Une Union Nationale sécuriserait notre sauvetage
L'Union étant par définition inclusive et non exclusive, permettrait à chaque sensibilité politique d'expliquer aux siens la nécessité des réformes structurantes adoptées et les efforts qu'elle engage pour chacun des citoyens.
Les plus rancuniers et revanchards des islamistes qui ont souffert d'une exclusion qui s'est comptée en décennies pour certains se sont déjà rangés à la raison de l'unité de la société et de l'inclusion au moment où la Troïka avait voté la non exclusion des ex-RCD ! Ces mêmes ex-RCD totalement rétablis dans leur citoyenneté en moins de 3 ans après la révolution, gagneraient ils à laisser un quelconque risque de sentiment d'exclusion gagner une partie des islamistes?
Une Union Nationale verrait un gouvernement de compétences représentant avantageusement toutes les formations et portant un programme de redressement de la Tunisie faisant l'unanimité tout au long de son exécution.
Toutes les sensibilités ne pouvant se retrouver dans le gouvernement ni dans le parlement, il devient essentiel de donner corps à nos projets de Conseil Economique et Social (court-moyen terme) et de Haut-Commissariat au Plan (vision Tunisie 2030) qui seraient ouverts à la société civile (bien au-delà du quartet) en plus des instances de l’Etat.
Gardons à l’esprit qu’une division pousserait toutes les forces politiques non alliées à Nida à s'opposer à BCE aux élections présidentielles pour éviter l'hégémonie d'une prochaine dictature potentielle!
L'une des leçons de notre campagne électorale est que les divers partis font le même diagnostic et s'accordent sur la majorité des objectifs de la prochaine législature.

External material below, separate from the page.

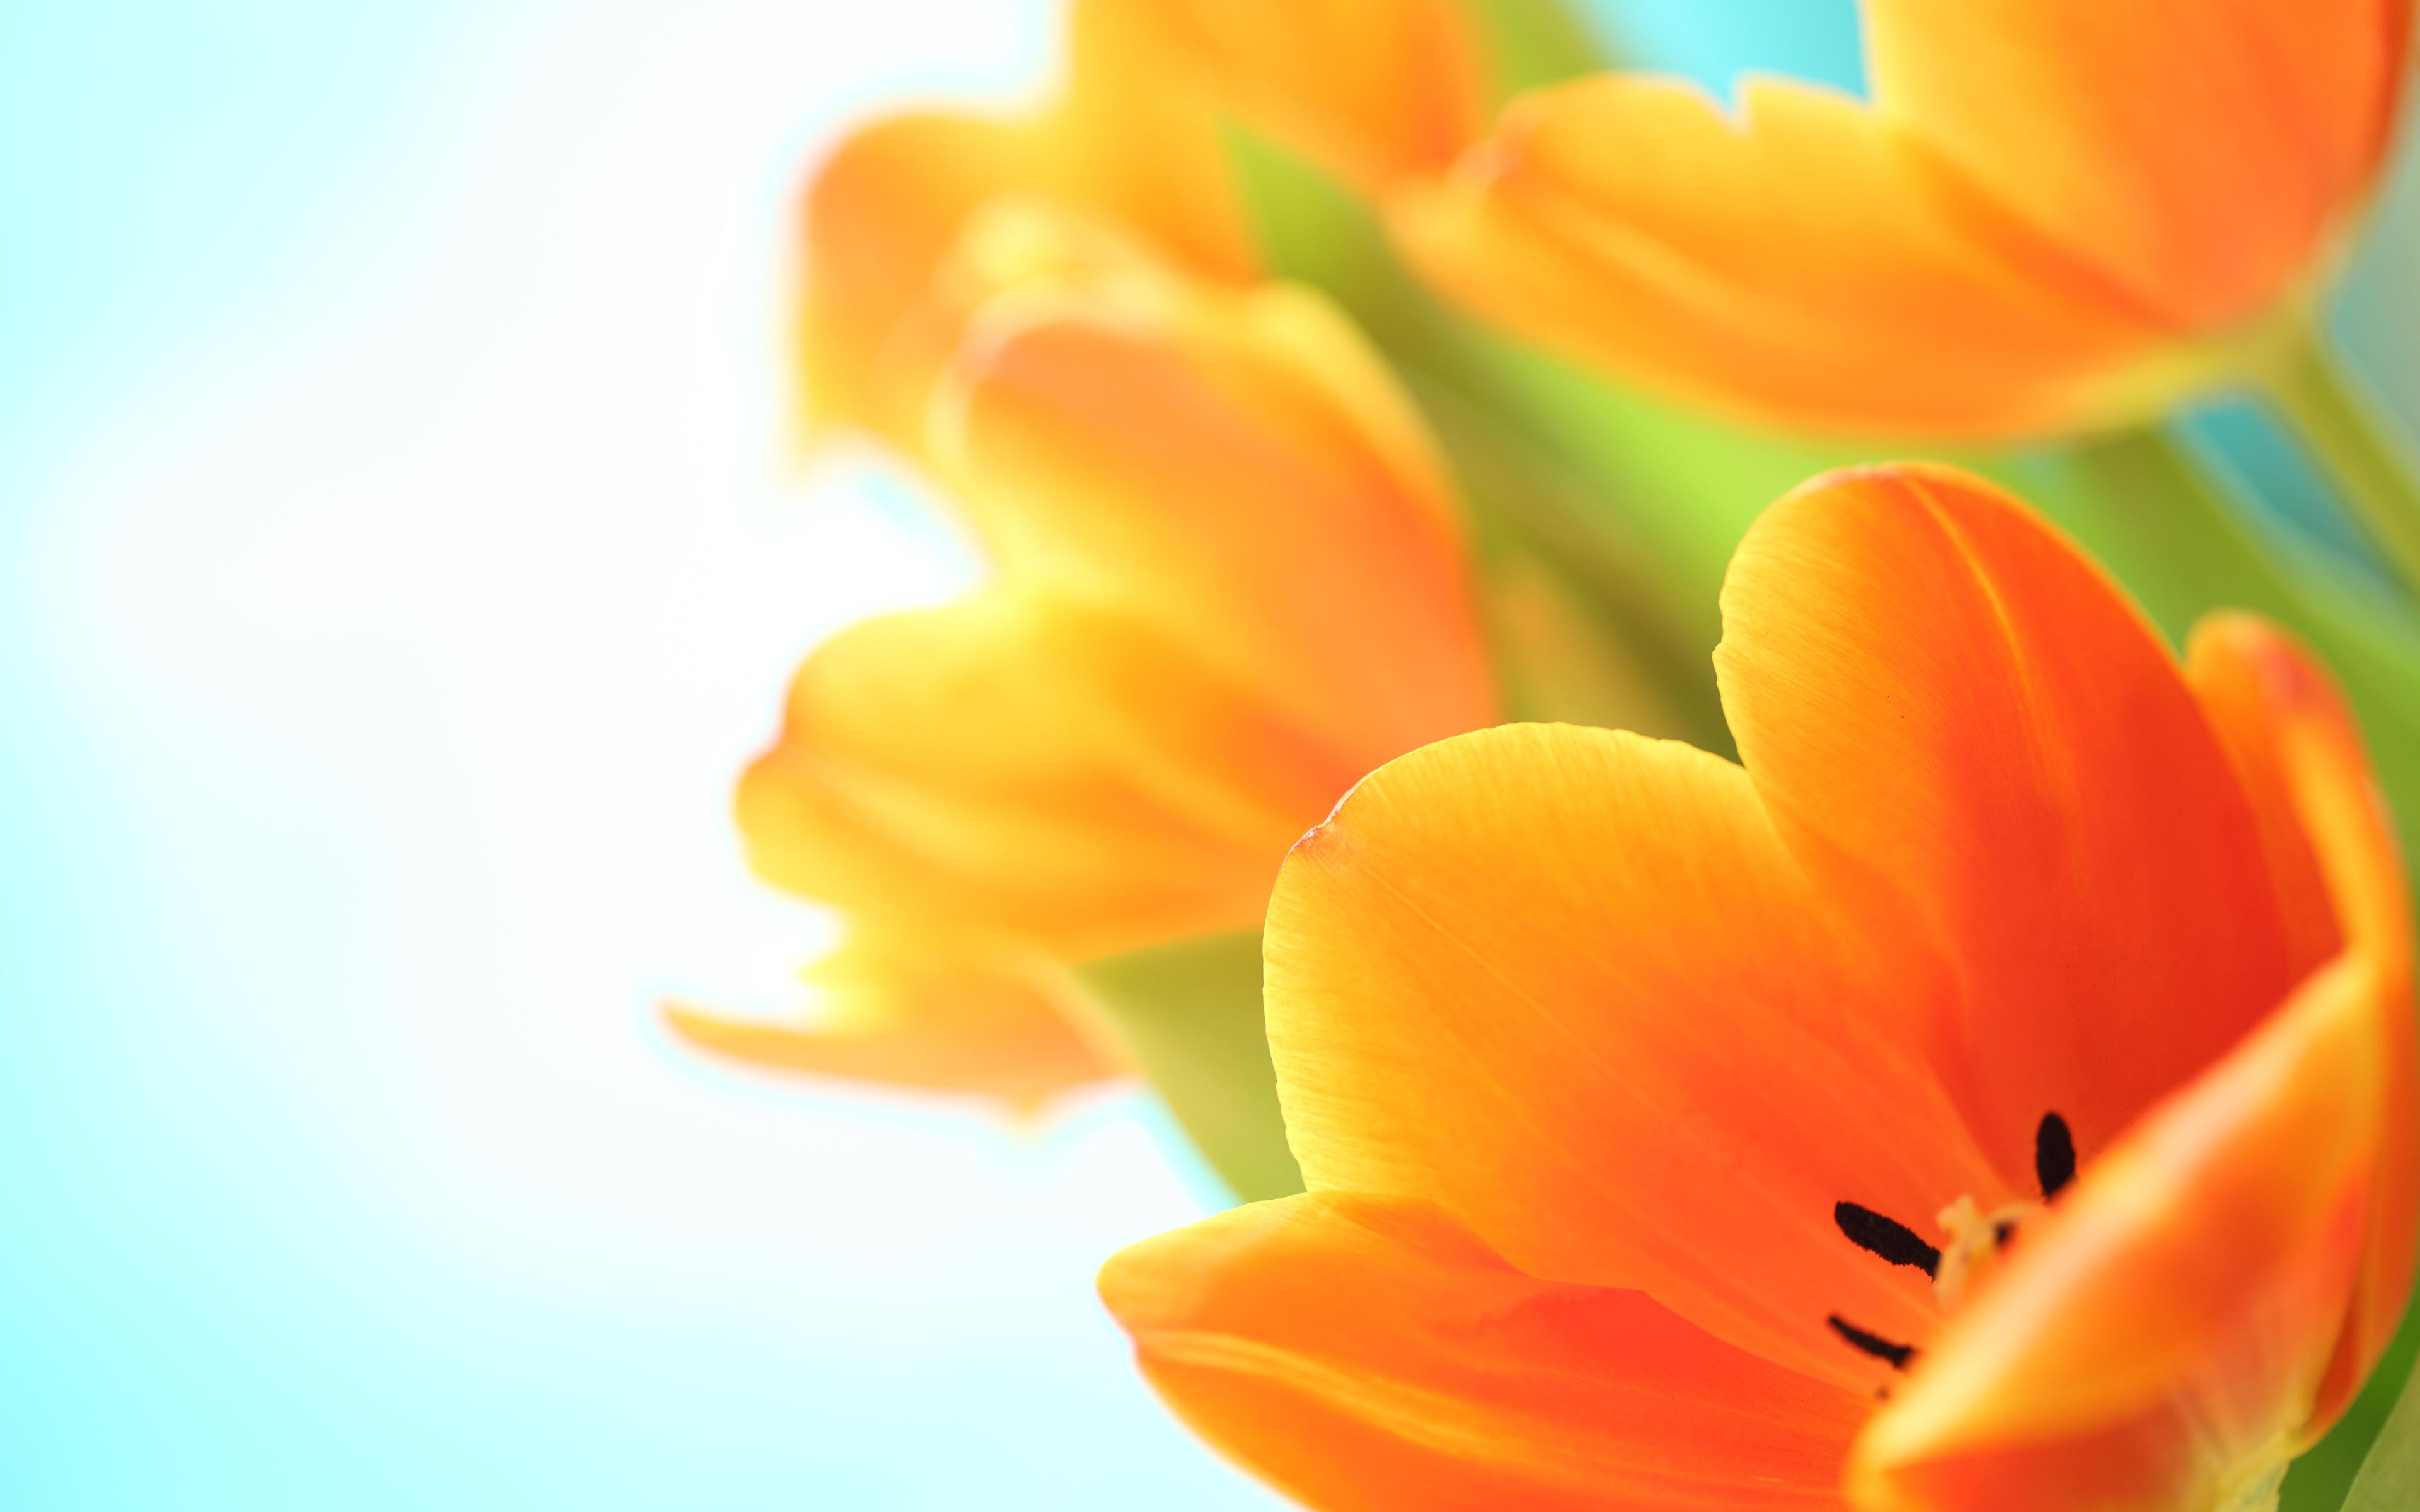 Картинка тюльпан оранжевые цветок Крупным планом 3840x2400 Тюльпаны оранжевых оранжевая Оранжевый Цветы вблизи
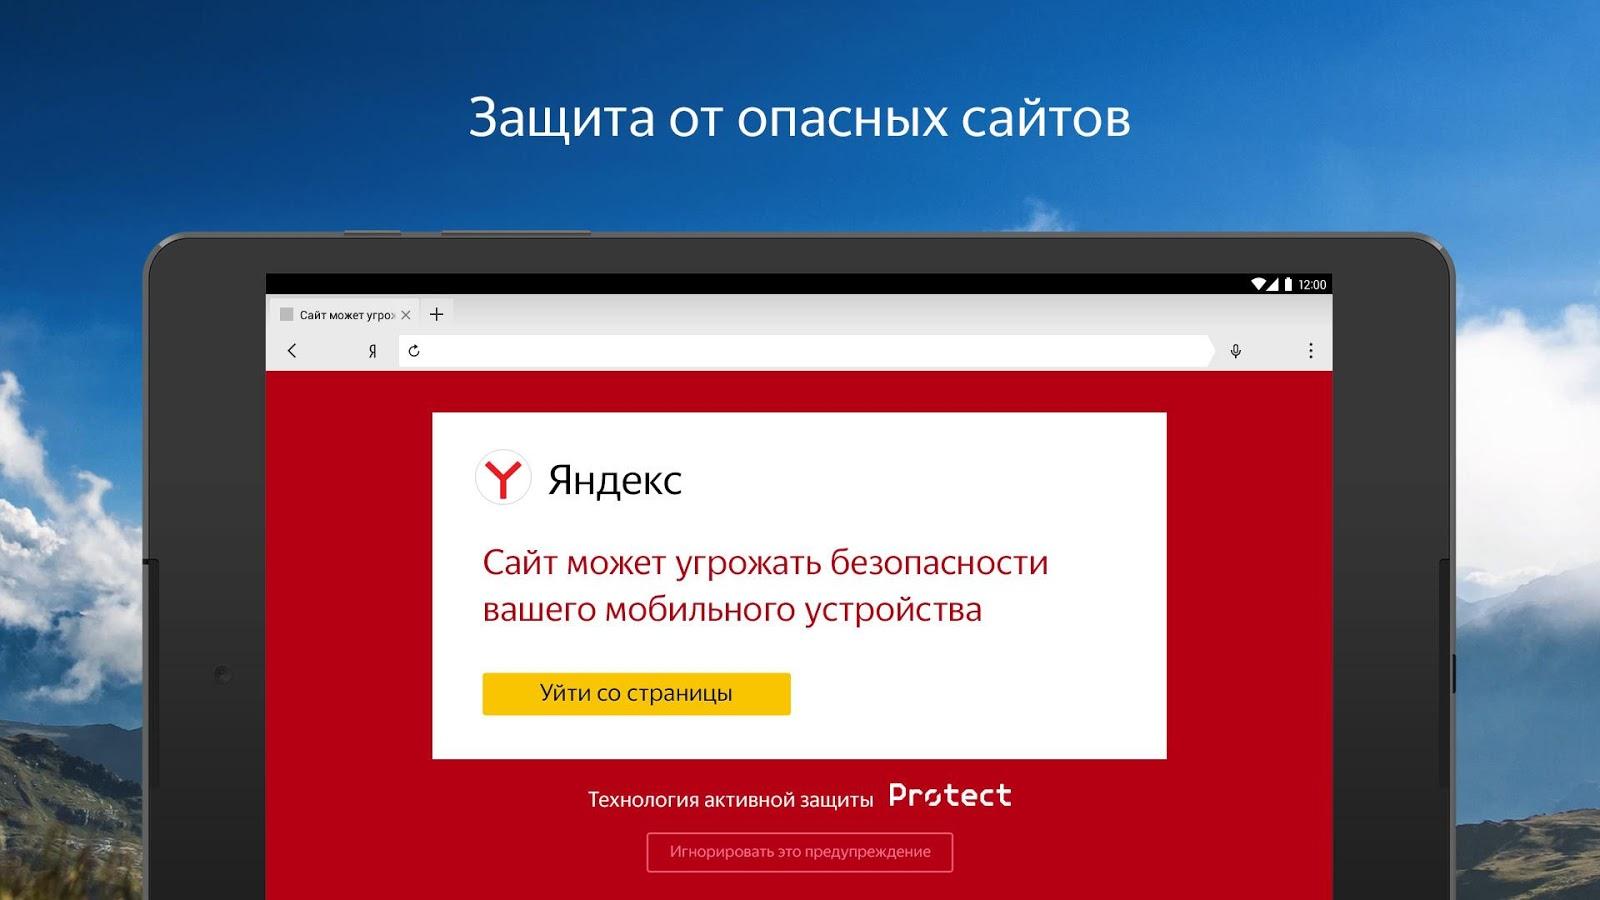 Быстрый браузер firefox для андроид скачать бесплатно.

Peu de choses séparent les tunisiens et ce qui rapproche BCE de CRG est bien plus important, noble et vital que ce qui peut les séparer.
L’Union fera la force de la Tunisie
Chers leaders de 70% des votants et de 71% des sièges au parlement, mettez la main dans la main et laissez la porte ouverte à ceux qui veulent d'une Union Nationale, parlez d’une seule voix pour que notre Tunisie puisse vibrer d'une même fréquence le temps de son redressement et de rétablissement de la confiance et de la stabilité.
Il y a 25 ans et après 45 ans de division/rupture les allemands de l'ouest puissants ont ouvert les bras à leurs frères allemands de l'est et tous se sont approprié la cause d'une nouvelle nation qui est aujourd'hui la plus puissante en Europe.
Si nous voulons mettre fin à la succession de périodes de transitions pseudo-démocratiques sans développement et de commencer une période de construction de notre nouvelle Tunisie, je suggère qu'on ne laisse aucune chance aux sentiments d'exclusion de nos citoyens, que chacun se sente dignement représenté dans la nouvelle construction et engagé pour les efforts que la Nation attend de lui.